Shapiro-Wilk Test¶
Overview¶
The Shapiro-Wilk test is a popular method for assessing the normality of a dataset. It evaluates whether the sample data comes from a normally distributed population by calculating a test statistic and corresponding \(p\)-value.
Hypotheses¶
- Null Hypothesis (\(H_0\)): The data is normally distributed.
- Alternative Hypothesis (\(H_1\)): The data is not normally distributed.
Computation of the Test Statistic W¶
We compute the Shapiro-Wilk test statistic \(W\) using the following steps:
-
Order the Data: Let \(X_1, X_2, \dots, X_n\) be the sample data sorted in ascending order such that \(X_{(1)} \leq X_{(2)} \leq \dots \leq X_{(n)}\).
-
Expected Values: Calculate the expected values \(m_i\) for a sample of size \(n\) from a standard normal distribution. These values represent the means of the order statistics. Let \(\mathbf{m}^T = [m_1, m_2, \dots, m_n]\) be the vector of these expected values.
-
Covariance Matrix: We use a covariance matrix \(\Sigma\) of the order statistics from the normal distribution to generate weights \(a_i\). These weights are computed to optimize the sensitivity of the test to departures from normality. The vector of weights is denoted by \(\mathbf{a}^T = [a_1, a_2, \dots, a_n]\):
\[ [a_1, a_2, \dots, a_n] = \frac{[m_1, m_2, \dots, m_n]\Sigma^{-1}}{\sqrt{[m_1, m_2, \dots, m_n]\Sigma^{-1}\Sigma^{-1}[m_1, m_2, \dots, m_n]^T}} \] -
Test Statistic \(W\): Then, we compute the test statistic \(W\) as:
\[ W = \frac{\left( \sum_{i=1}^{n} a_i X_{(i)} \right)^2}{\sum_{i=1}^{n} (X_i - \bar{X})^2} \]where
- \(X_{(i)}\) is the \(i\)-th ordered data point,
- \(a_i\) is the corresponding weight from the vector \(\mathbf{a}\),
- \(\bar{X}\) is the sample mean.
The numerator represents the squared linear combination of the ordered sample, and the denominator is the total variance of the sample data.
Deriving the p-Value¶
Once we compute the test statistic \(W\), the \(p\)-value is obtained by comparing \(W\) to the distribution of \(W\) under the null hypothesis of normality. The \(p\)-value represents the probability of observing a test statistic as extreme as \(W\) under the assumption that the null hypothesis is true.

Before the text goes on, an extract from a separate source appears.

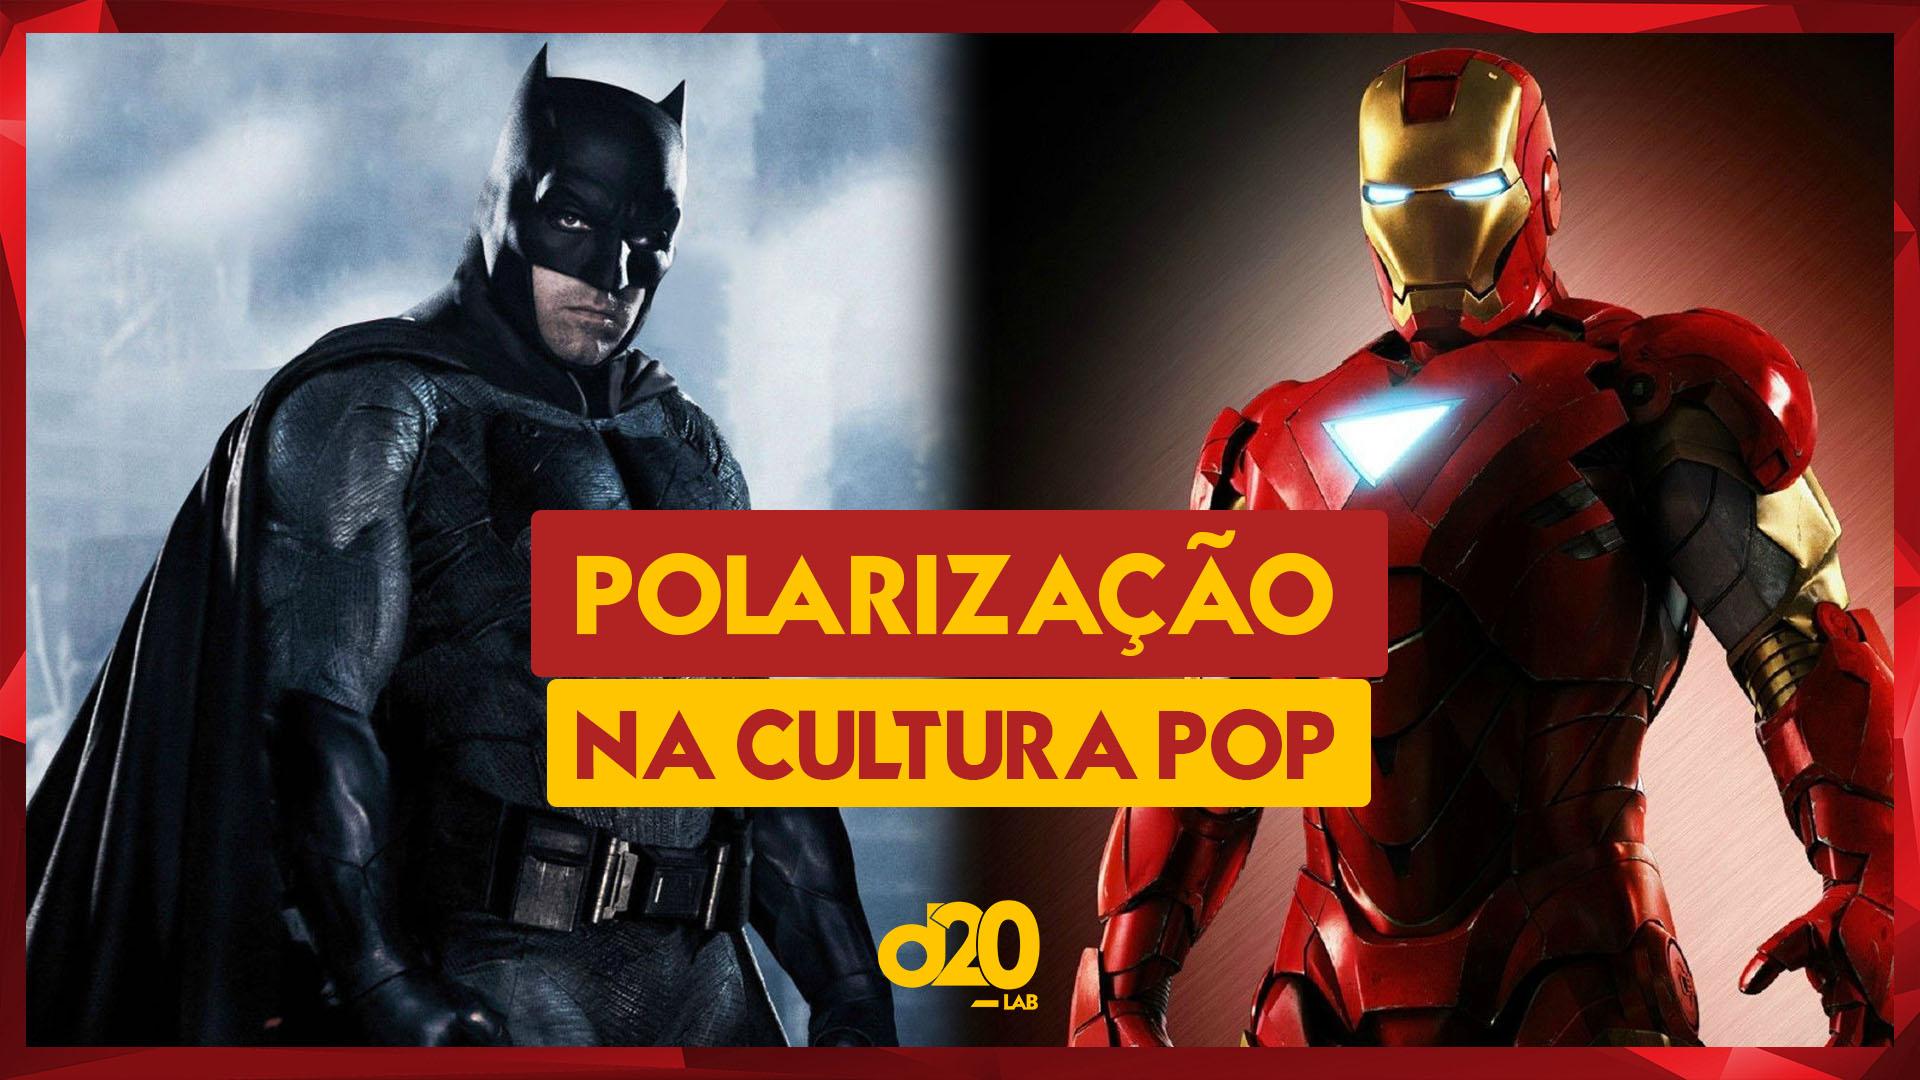 A Polarização na Cultura Pop | D20 Lab 48

- We reject the null hypothesis if the \(p\)-value is small (e.g., less than \(\alpha = 0.05\)). This suggests the data does not follow a normal distribution.
- If the \(p\)-value is large (greater than or equal to \(\alpha\)), we do not reject the null hypothesis.
Decision Rule¶
- If \(p\)-value \(\leq \alpha\), reject \(H_0\) (the data is not normally distributed).
- If \(p\)-value \(> \alpha\), fail to reject \(H_0\) (the data is normally distributed).
Python Implementation¶
import numpy as np
from scipy import stats
# Generate a sample dataset
# data = np.random.normal(0, 1, 1000)
data = np.random.normal(1, 10, 1000)
# Perform Shapiro-Wilk test
stat, p_value = stats.shapiro(data)
print(f"Shapiro-Wilk Test: Statistic={stat:.4f}, p-value={p_value:.4f}")
# Interpretation
alpha = 0.05
if p_value <= alpha:
print("Reject H_0: The data is not normally distributed.")
else:
print("Fail to reject H_0: The data is normally distributed.")
In summary, the Shapiro-Wilk test uses the ordered sample data and precomputed weights to compute the test statistic \(W\) to determine whether the data is likely to have come from a normal distribution. It is generally considered one of the most powerful normality tests, particularly for small to moderate sample sizes.